Rockbound by Frank Parker Day


Winner of Canada Reads – 2005

First published in 1928, Rockbound by Nova Scotian Frank Parker Day was long relegated to the depths of CanLit obscurity, even after it was reissued by the University of Toronto Press in 1973. But, this fantastic novel has been brought back into the canon of classic Canadian literature. Initially, this happened because of its frequent inclusion in Canadian Literature courses at universities – in both survey courses and as a mainstay in Atlantic Canadian Lit classes (and it is typically required reading in the few Island Studies literature courses taught around the world). For the general public, its inclusion and subsequent victory in the 2005 edition of Canada Reads was what brought Rockbound to prominence (Rockbound has the distinction of being the oldest book to win the competition and it currently stands as the only novel from the Maritimes to take the title).

Rockbound is one of the most magical novels I’ve read in many years. I grew up in Nova Scotia and spent a lot of time in the region where this book is set; I had family on the South Shore and my High School’s district included much of the upper half of the shore. Many of the family names in Day’s classic novel reminded me of home – Jung, Kraus, Slaughnwhite, Boutilier, and Born to name a few. Additionally, my father worked his way through school by fishing, and my uncle and father-in-law are both lifelong fishermen. So as I read through this book, I felt a very strong connection to its story and characters.

Rockbound is both a book of its time and a timeless story of the human condition. In the 1920s, fishing in Atlantic Canada was still a very lucrative career and had a certain unspoken romanticism to it. For men especially, hard work and manual labour were valued over all else, especially formal education. Every outport and village had its own unique dialect and set of rules – essentially existing as its own nation in a way. Being a fisherman wasn’t simply an occupation or even a way of life, it was a state of being as natural as breathing. The magic of Frank Parker Day’s novel is how he pulls the reader into this long-forgotten world. His use of dialect would rival Mark Twain and his landscape imagery is equally as good as any of the Confederation Poets from the previous generation.

While the imagery and landscape is essential to Rockbound, this is a character driven novel. Uriah Jung is one of the great not-so-subtle antagonists of early Canadian fiction. The undisputed king of the island of Rockbound, Uriah is the domineering and scheming patriarch of the Jung clan. He has three sons whom he rules with an iron fist and works to the bone, but his world is turned upside-down with the arrival of the novel’s protagonist, his nephew David Jung, claiming a sliver of land he is legally entitled to. Uriah and David are the primary drivers of the drama on Rockbound, but this is an ensemble piece. Uriah’s trio of sons – Martin, Joseph, and Casper, Gershom, the Kraus family, and Mary each lend important elements to life on Rockbound and help make this story what it is.

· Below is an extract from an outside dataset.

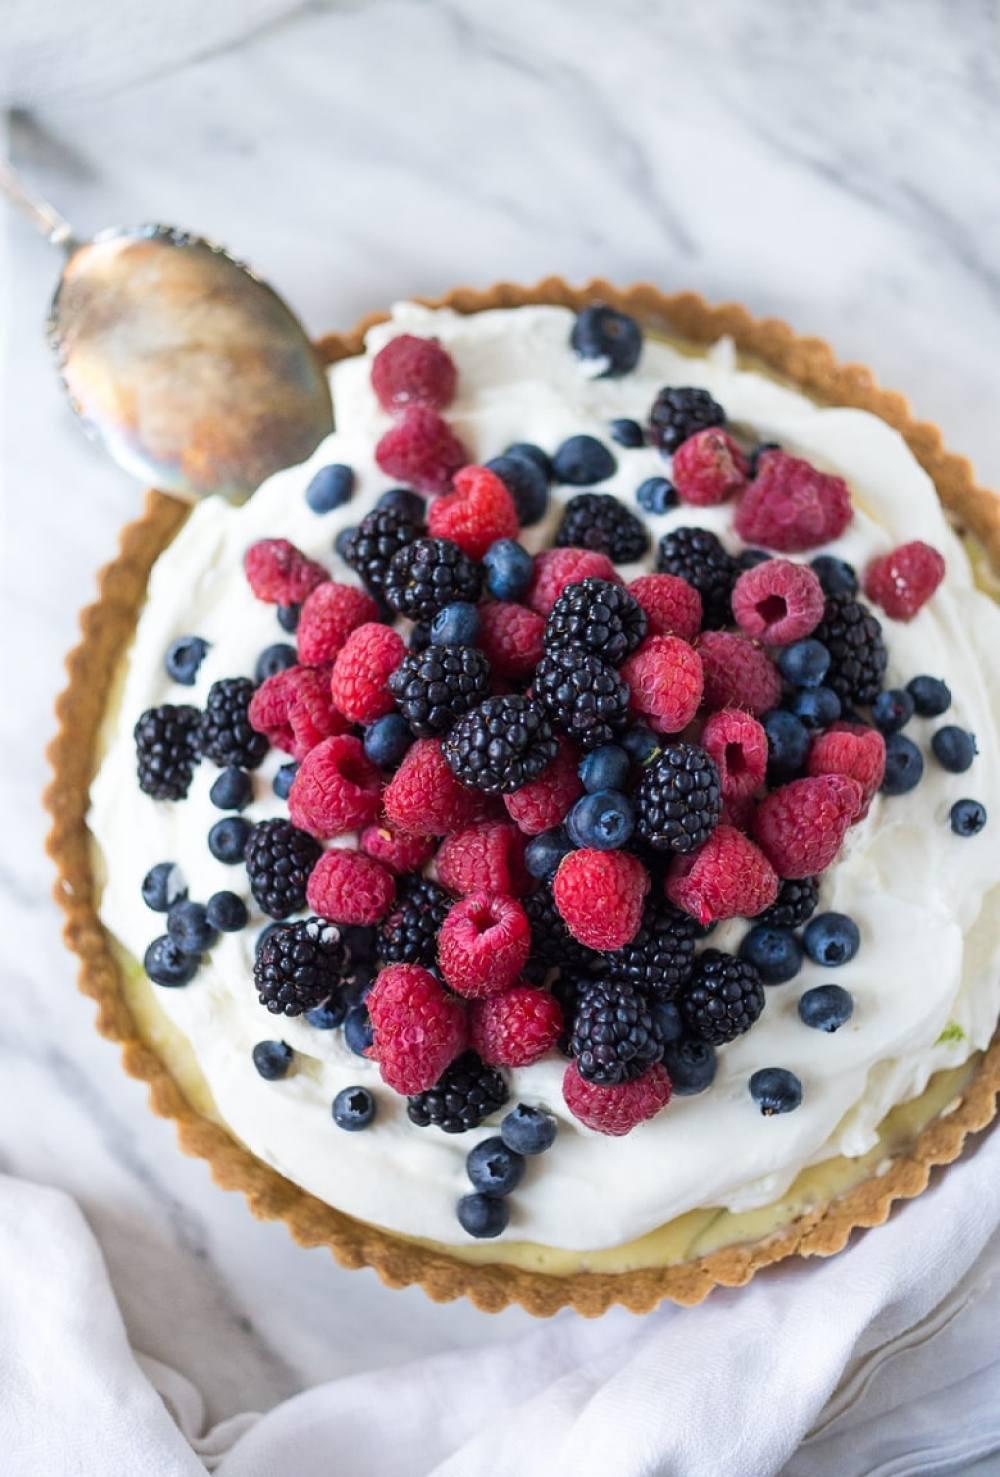 Summer Berry Tart with Shortbread Crust

Rockbound is now part of the public domain in Canada so there are a number of discount ebook copies available, but I strongly recommend dropping the few extra dollars for the UTP publication which includes a fantastic afterword by Gwendolyn Davies of UNB. The afterword provides great historical and regional context and some fascinating biographical background on Frank Parker Day.

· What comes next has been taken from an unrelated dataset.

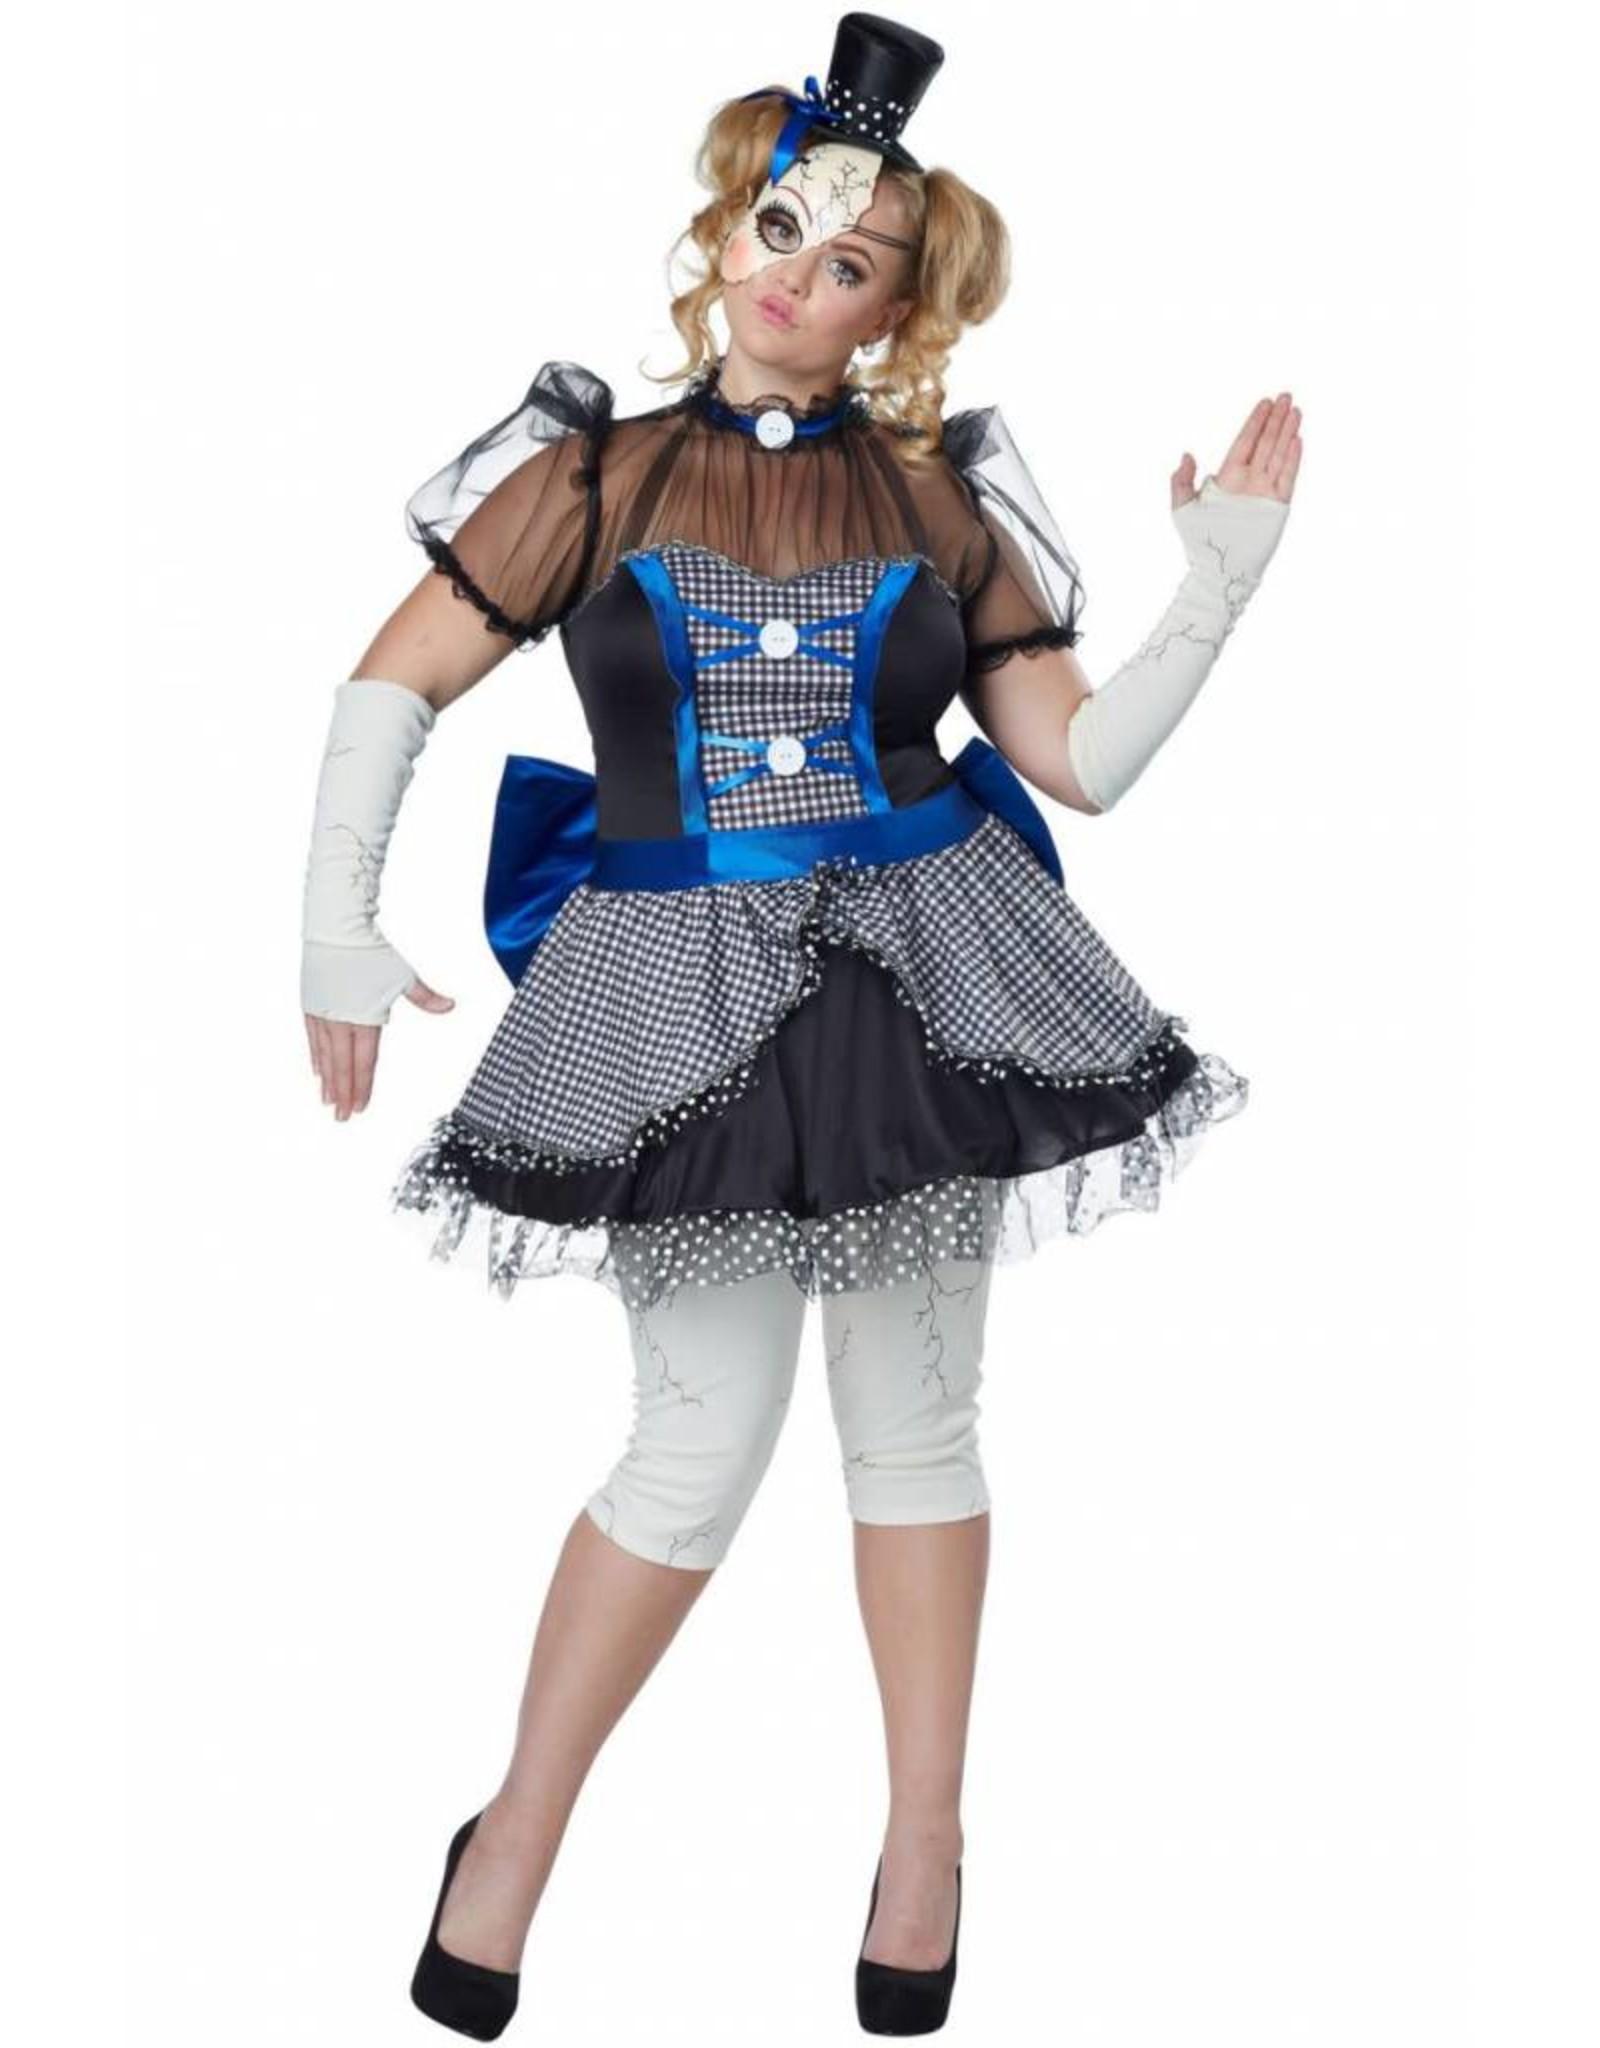 California Costume Twisted Babydoll 1X

This book can be read in so many ways that it begs for deeper critical analysis – the struggle and plight of the working man, island notions of totality and intimacy, familial bonds and social customs, the role of women in a man’s world, and the list goes on. I think this is why Rockbound ultimately won Canada Reads and became a bestseller: it is a fun read that can be taken in by a general audience as a superficially good story and, for the more advanced readers, Day has crafted a thematically complex novel that can pull you in a variety of directions.

As a brief post-script, this novel is just begging to be made into a CBC mini-series.